▶ _Task brief_: Every line of the data below should be repeated exactly, and no picture should be copied.

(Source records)

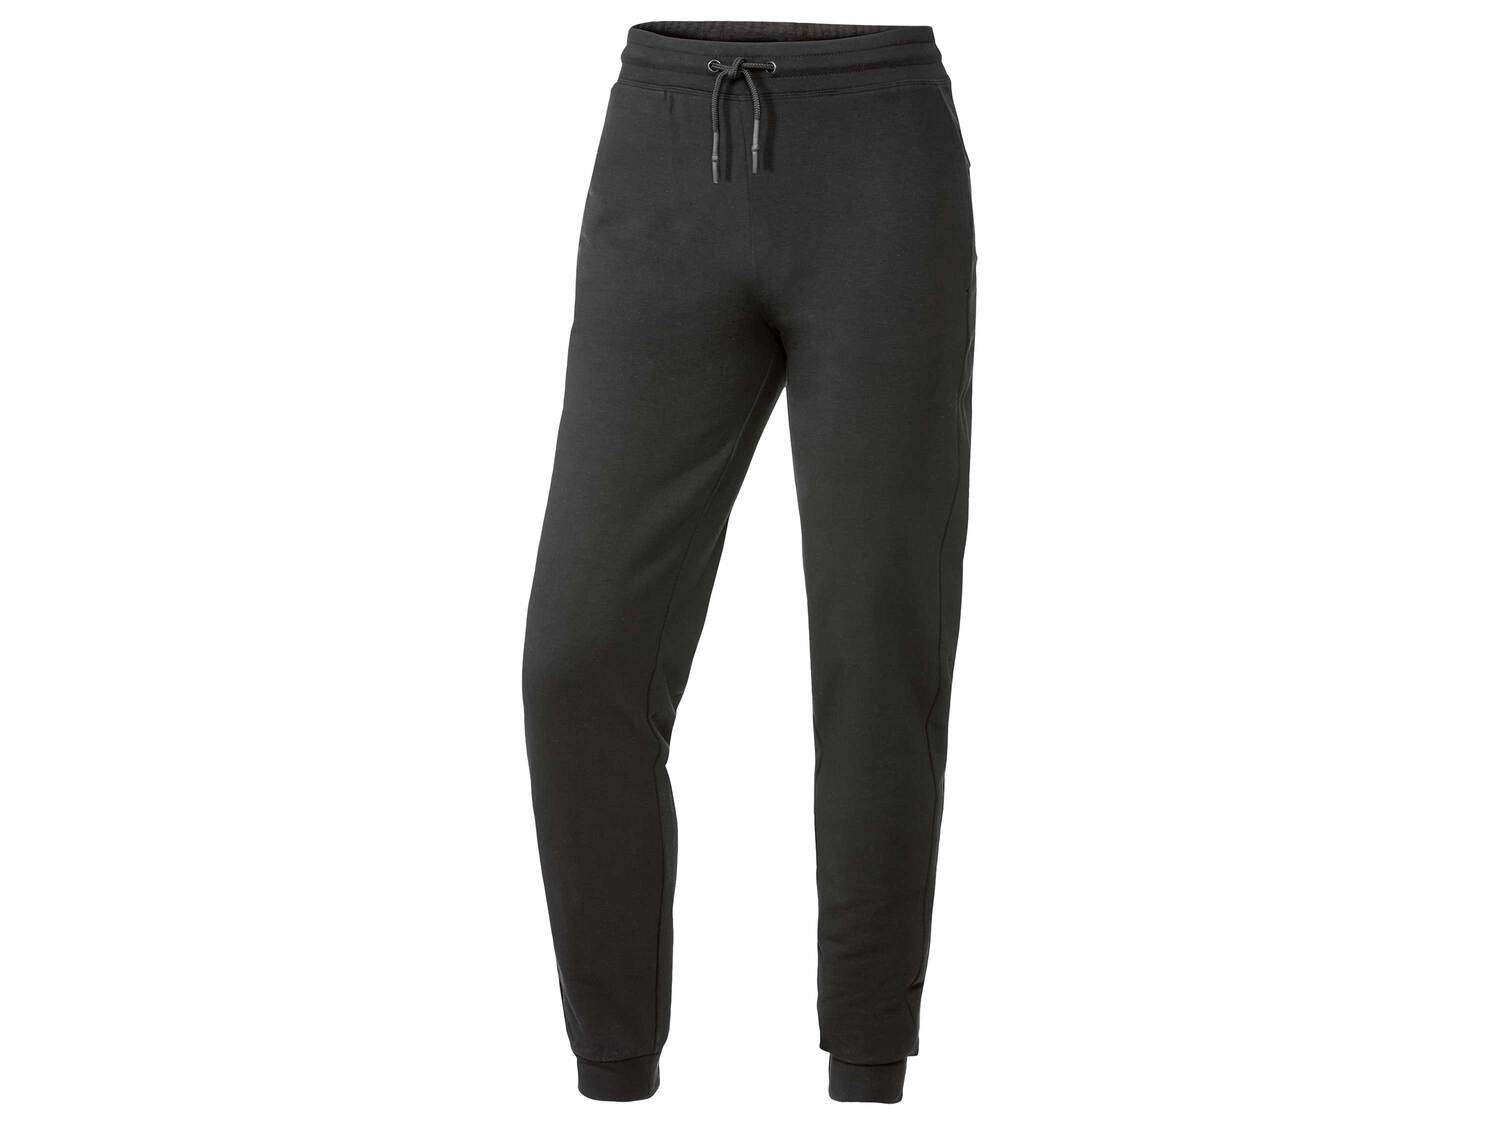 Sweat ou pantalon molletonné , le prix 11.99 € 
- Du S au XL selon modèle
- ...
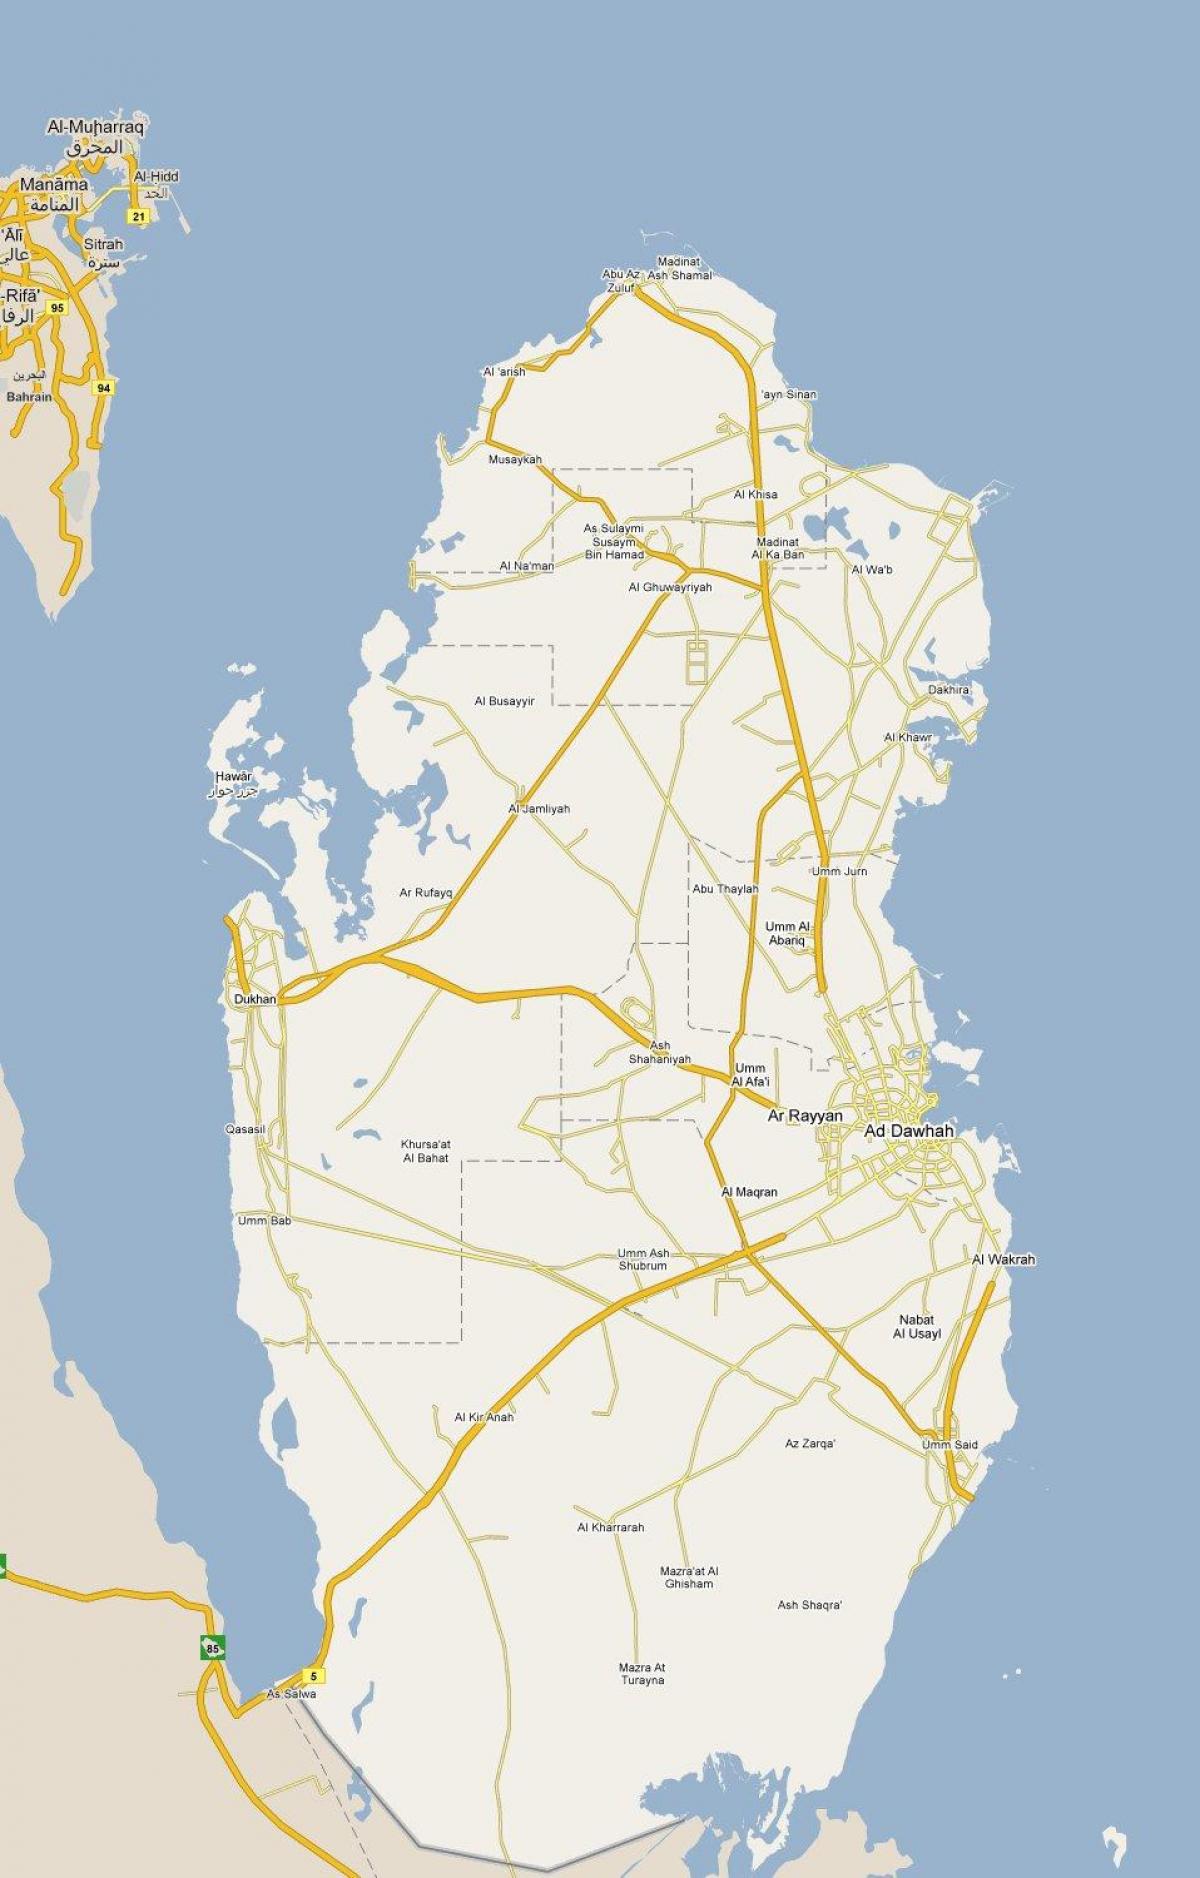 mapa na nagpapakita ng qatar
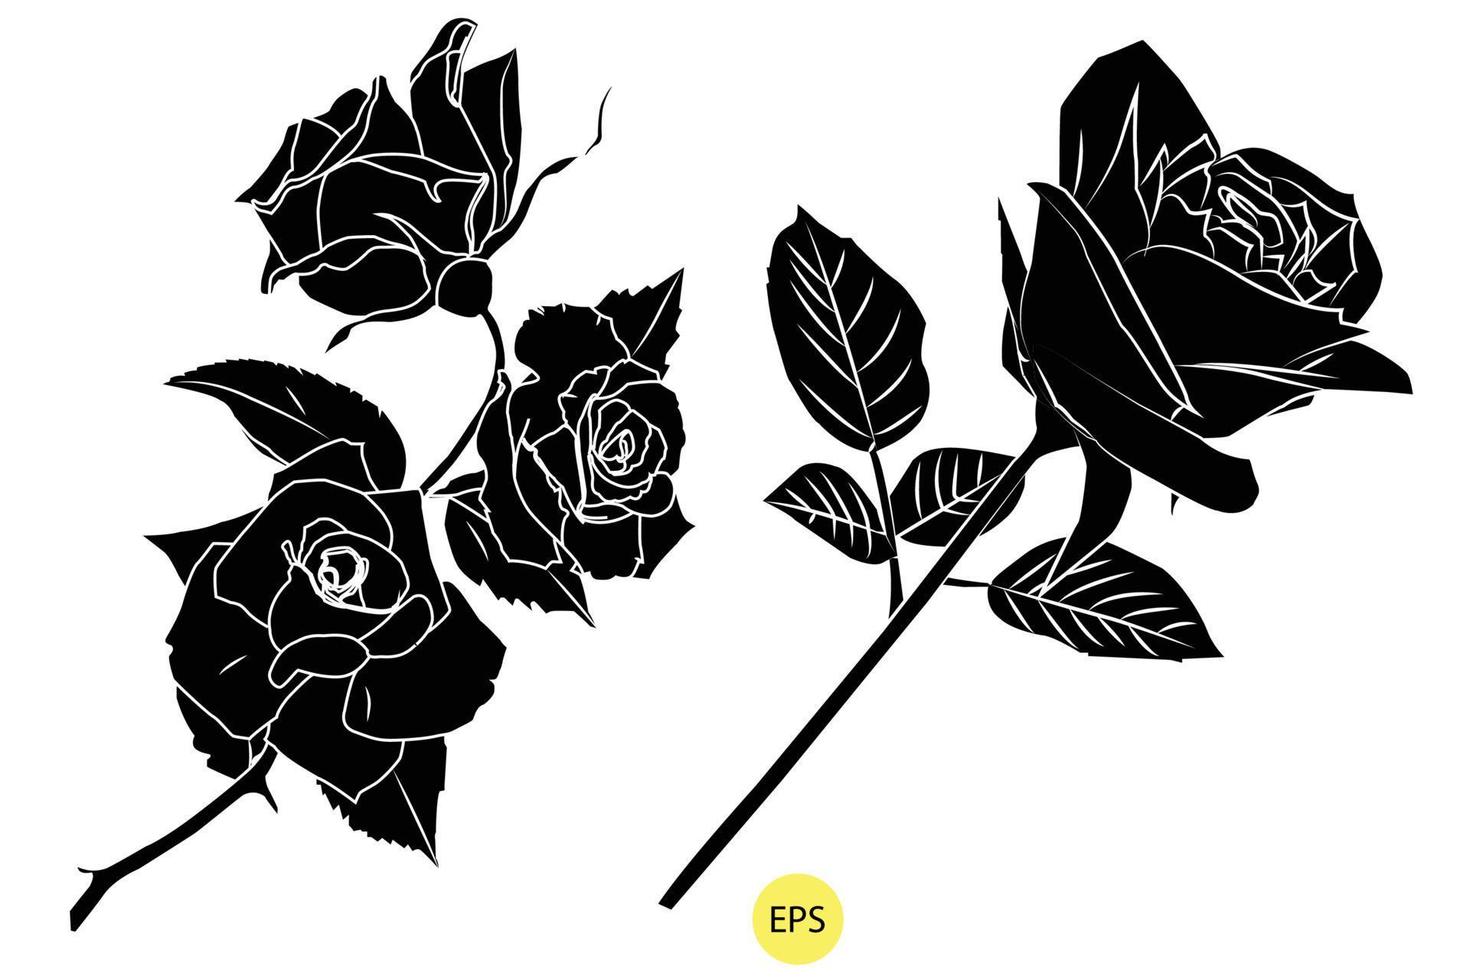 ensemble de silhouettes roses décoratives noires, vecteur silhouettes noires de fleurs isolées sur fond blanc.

▶ _Result for this exercise_:
 Sweat ou pantalon molletonné , le prix 11.99 € 
- Du S au XL selon modèle
- ...
 mapa na nagpapakita ng qatar
 ensemble de silhouettes roses décoratives noires, vecteur silhouettes noires de fleurs isolées sur fond blanc.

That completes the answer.